> _REQUIREMENT_
Produce a word-for-word copy of the data that follows, excluding images.

Items from a data source:
════════════════

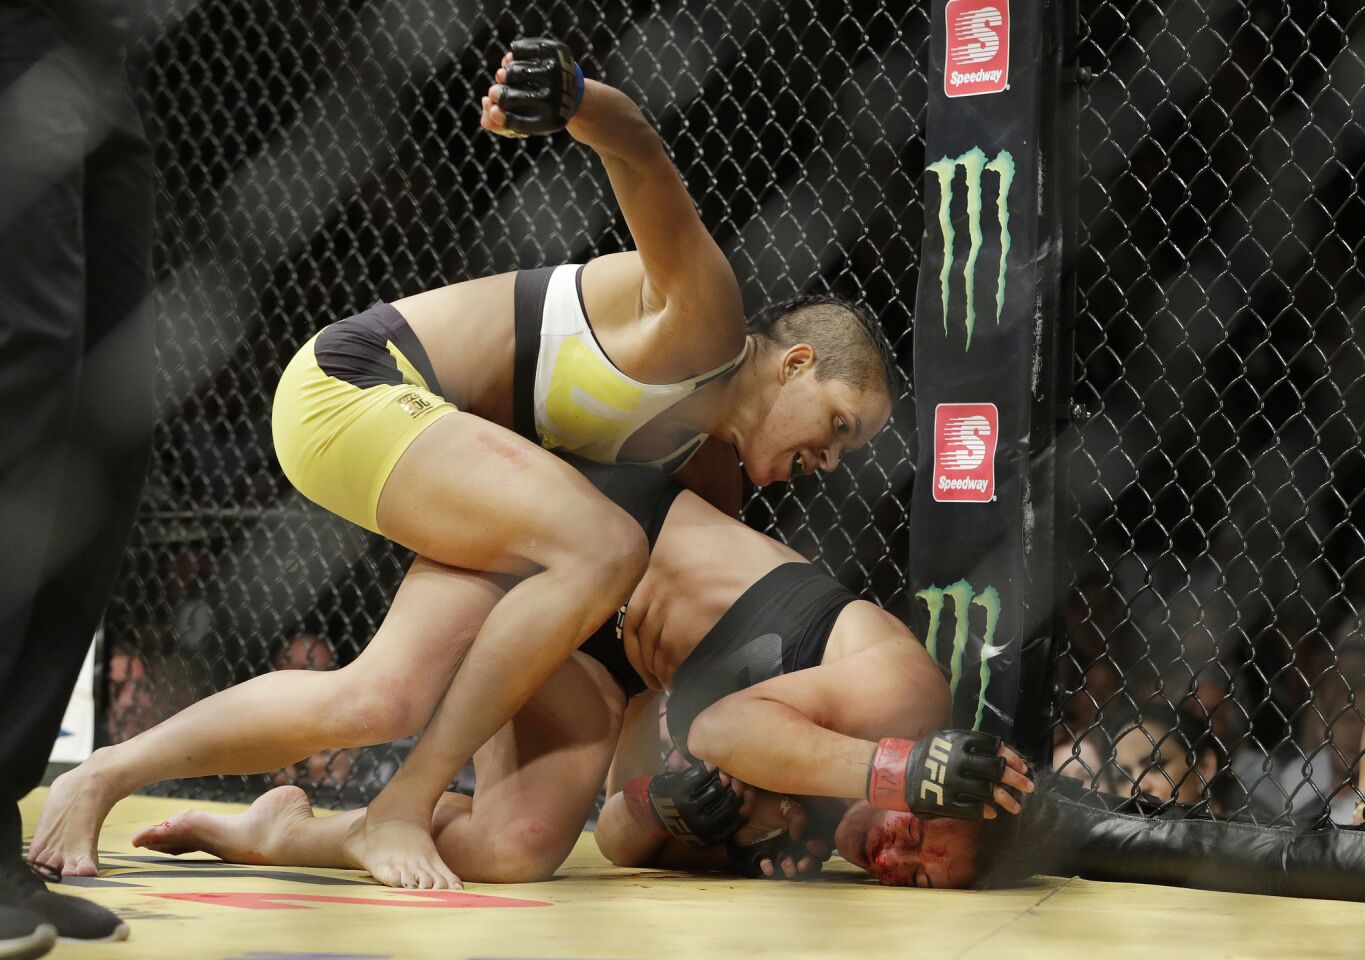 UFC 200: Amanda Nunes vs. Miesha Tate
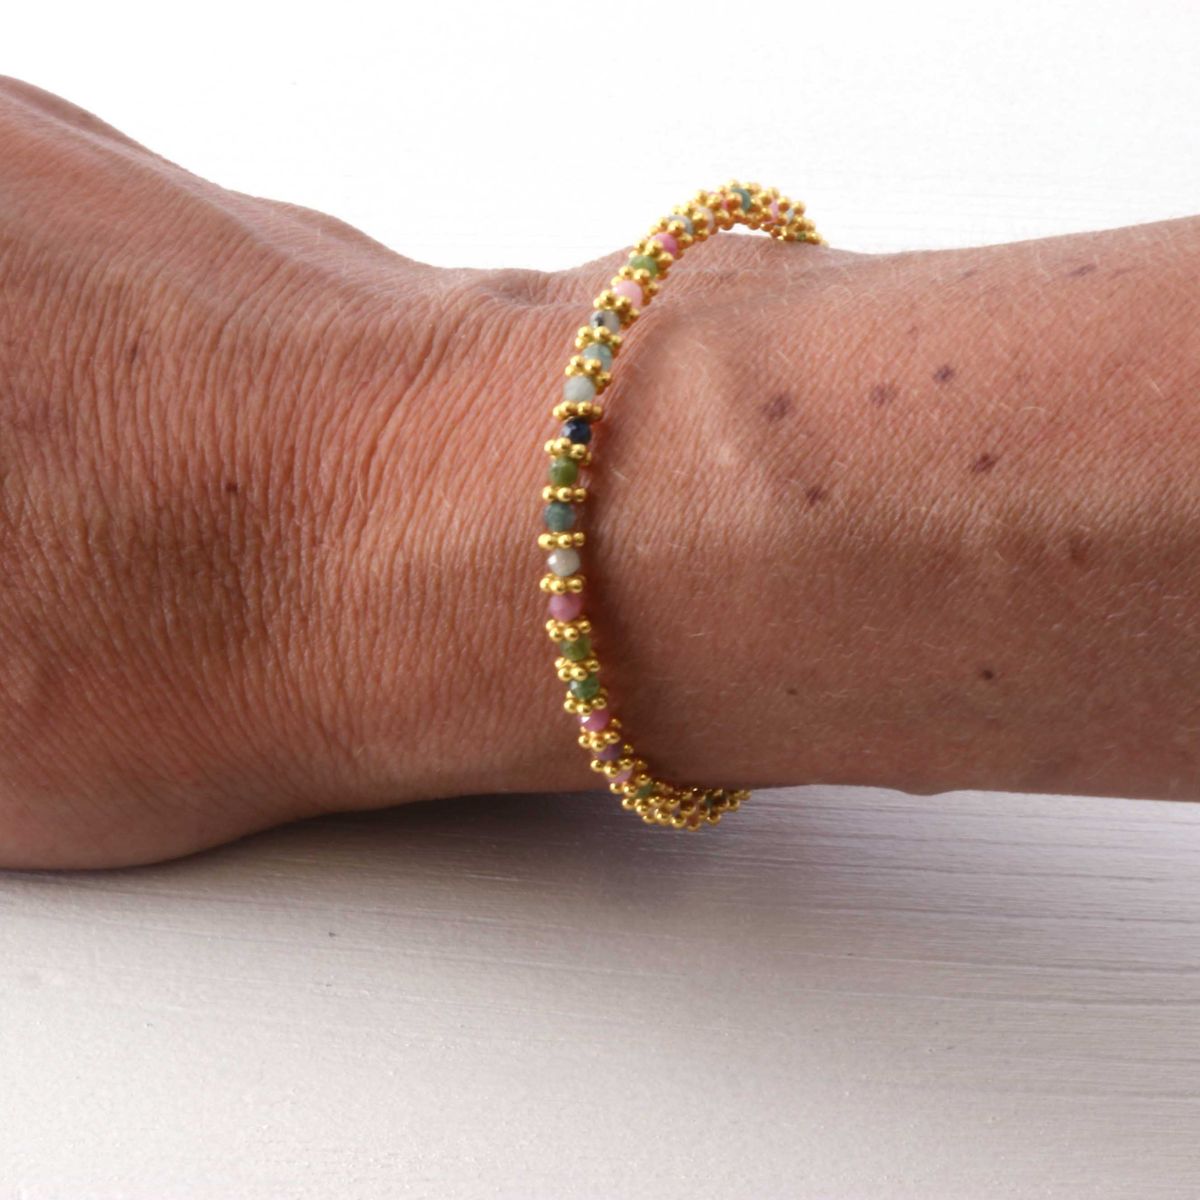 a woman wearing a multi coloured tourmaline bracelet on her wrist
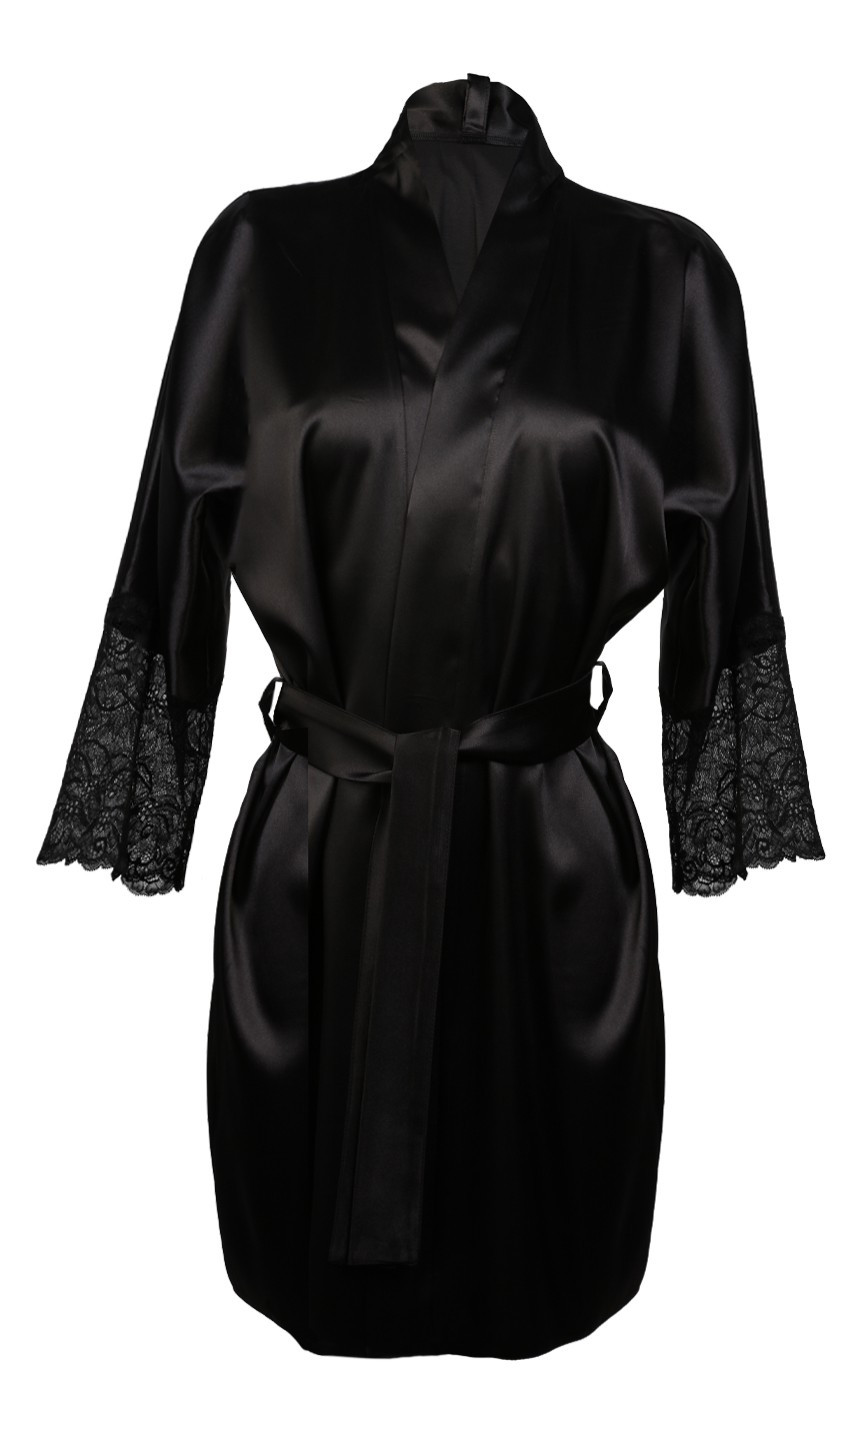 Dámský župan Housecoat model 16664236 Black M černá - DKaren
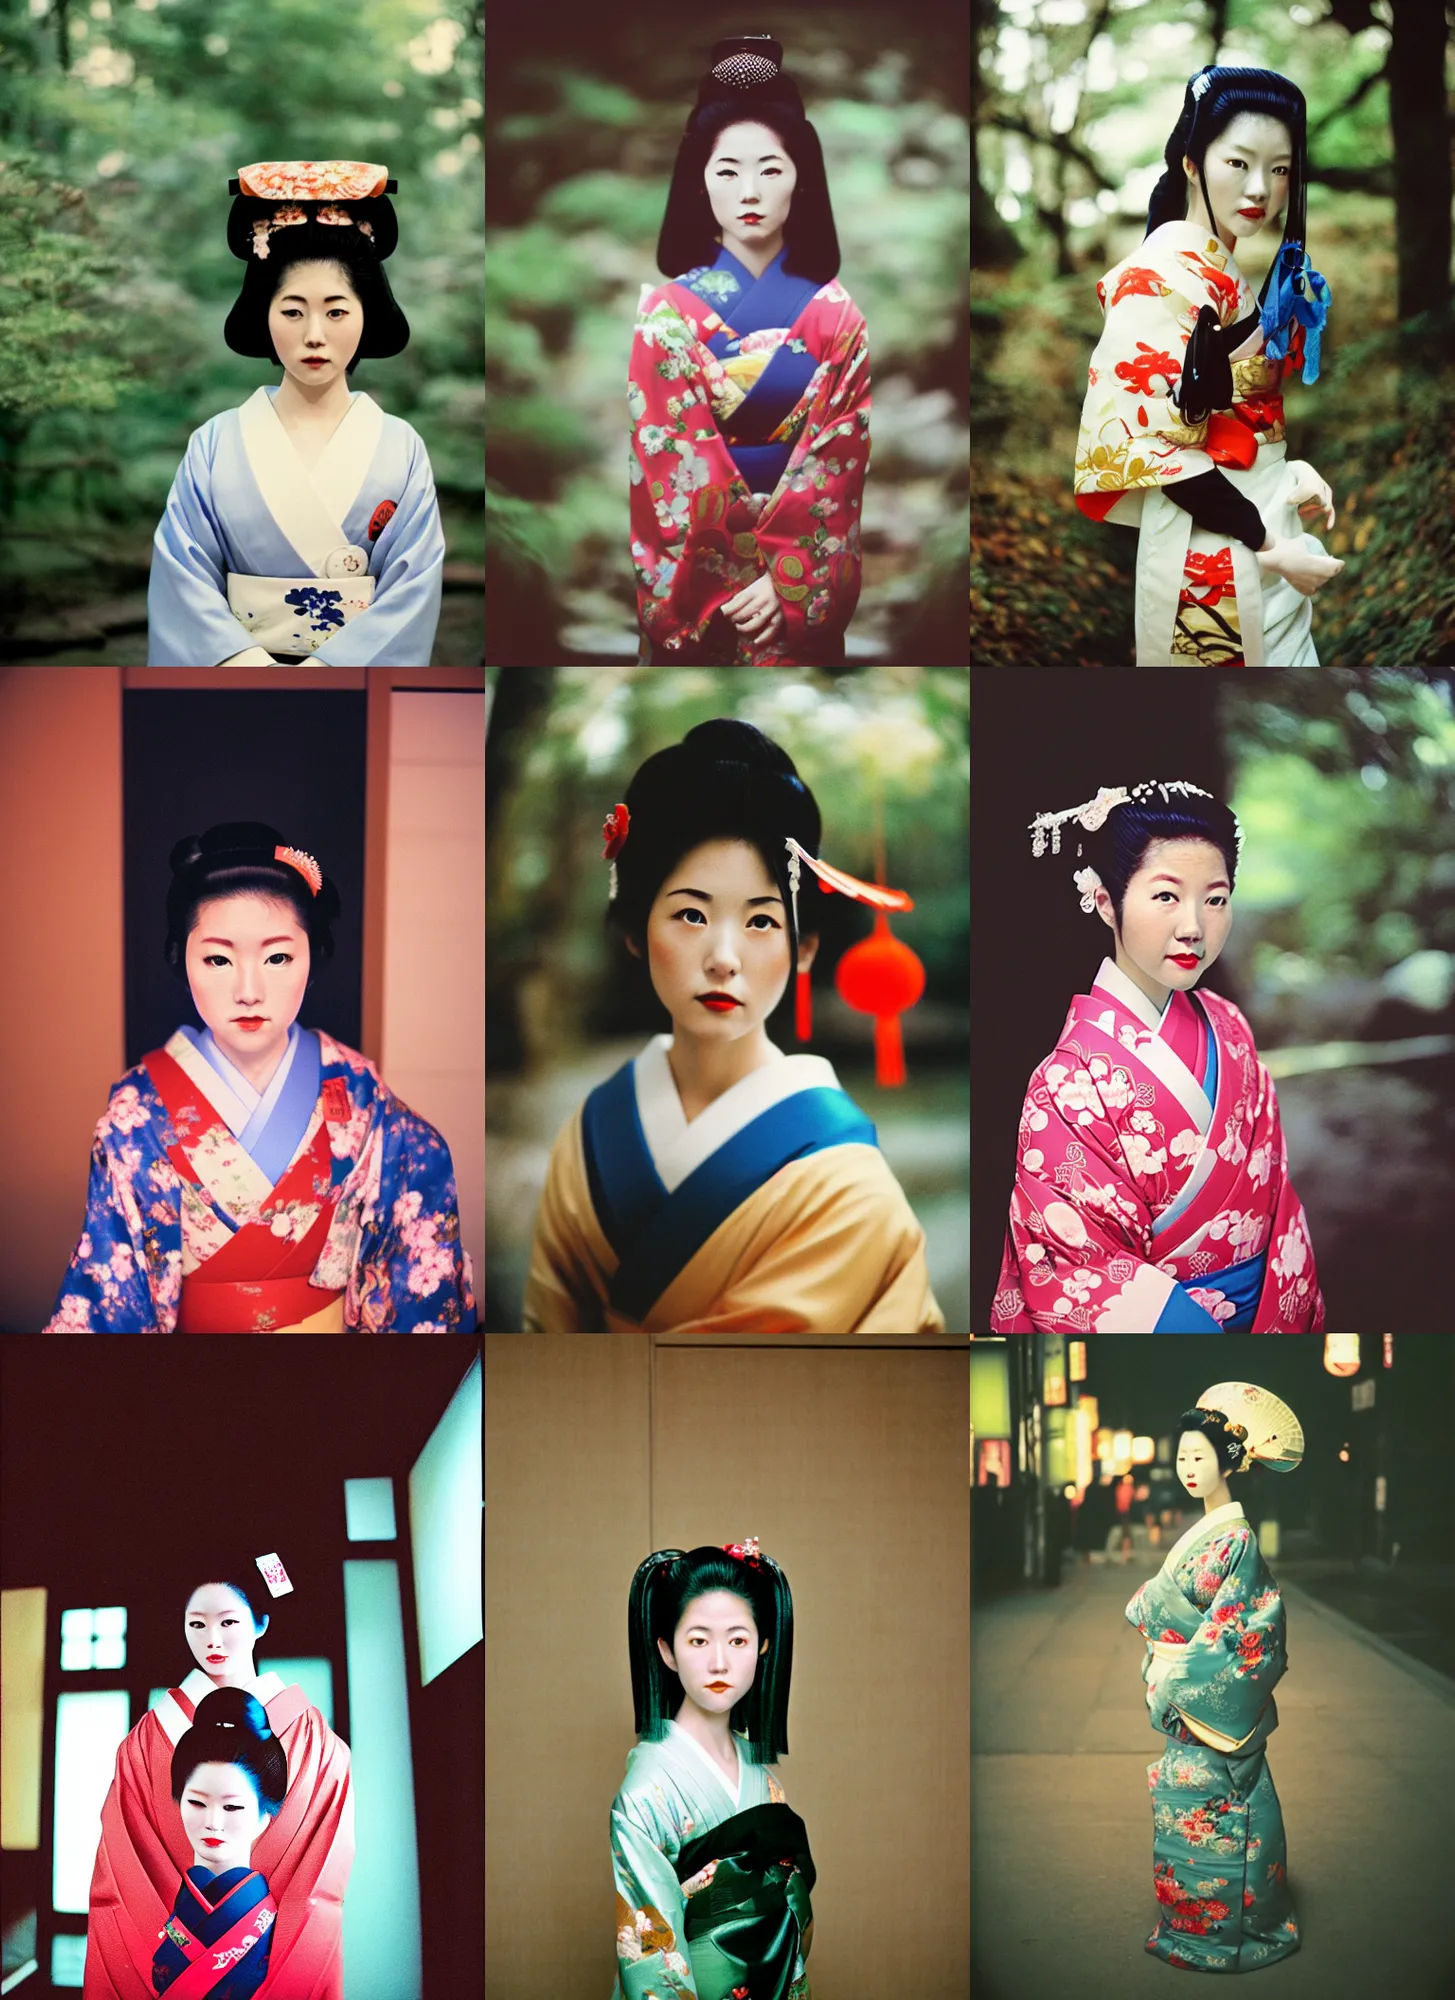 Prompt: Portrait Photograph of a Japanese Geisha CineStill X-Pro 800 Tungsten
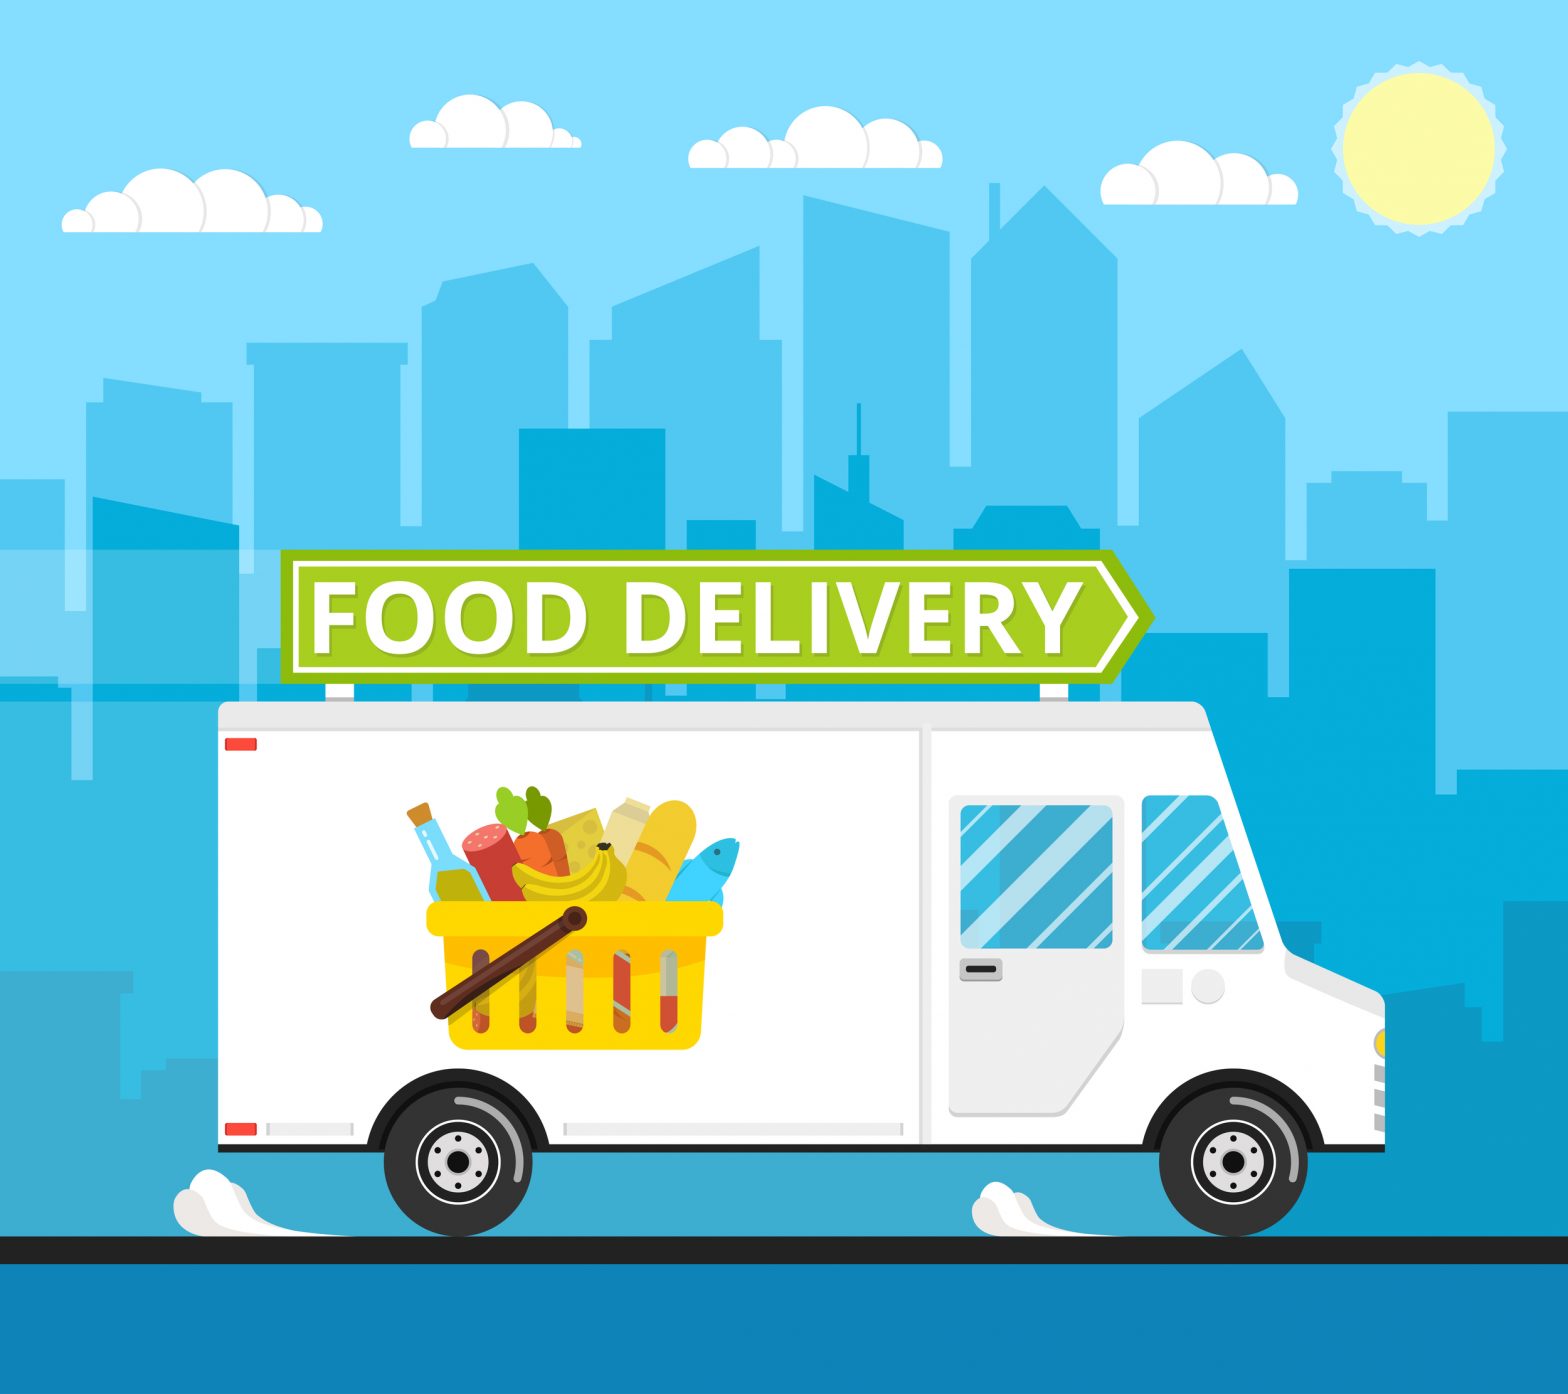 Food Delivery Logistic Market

════════════════

> _RESPONSE AREA_
 UFC 200: Amanda Nunes vs. Miesha Tate
 a woman wearing a multi coloured tourmaline bracelet on her wrist
 Dámský župan Housecoat model 16664236 Black M černá - DKaren
 Prompt: Portrait Photograph of a Japanese Geisha CineStill X-Pro 800 Tungsten
 Food Delivery Logistic Market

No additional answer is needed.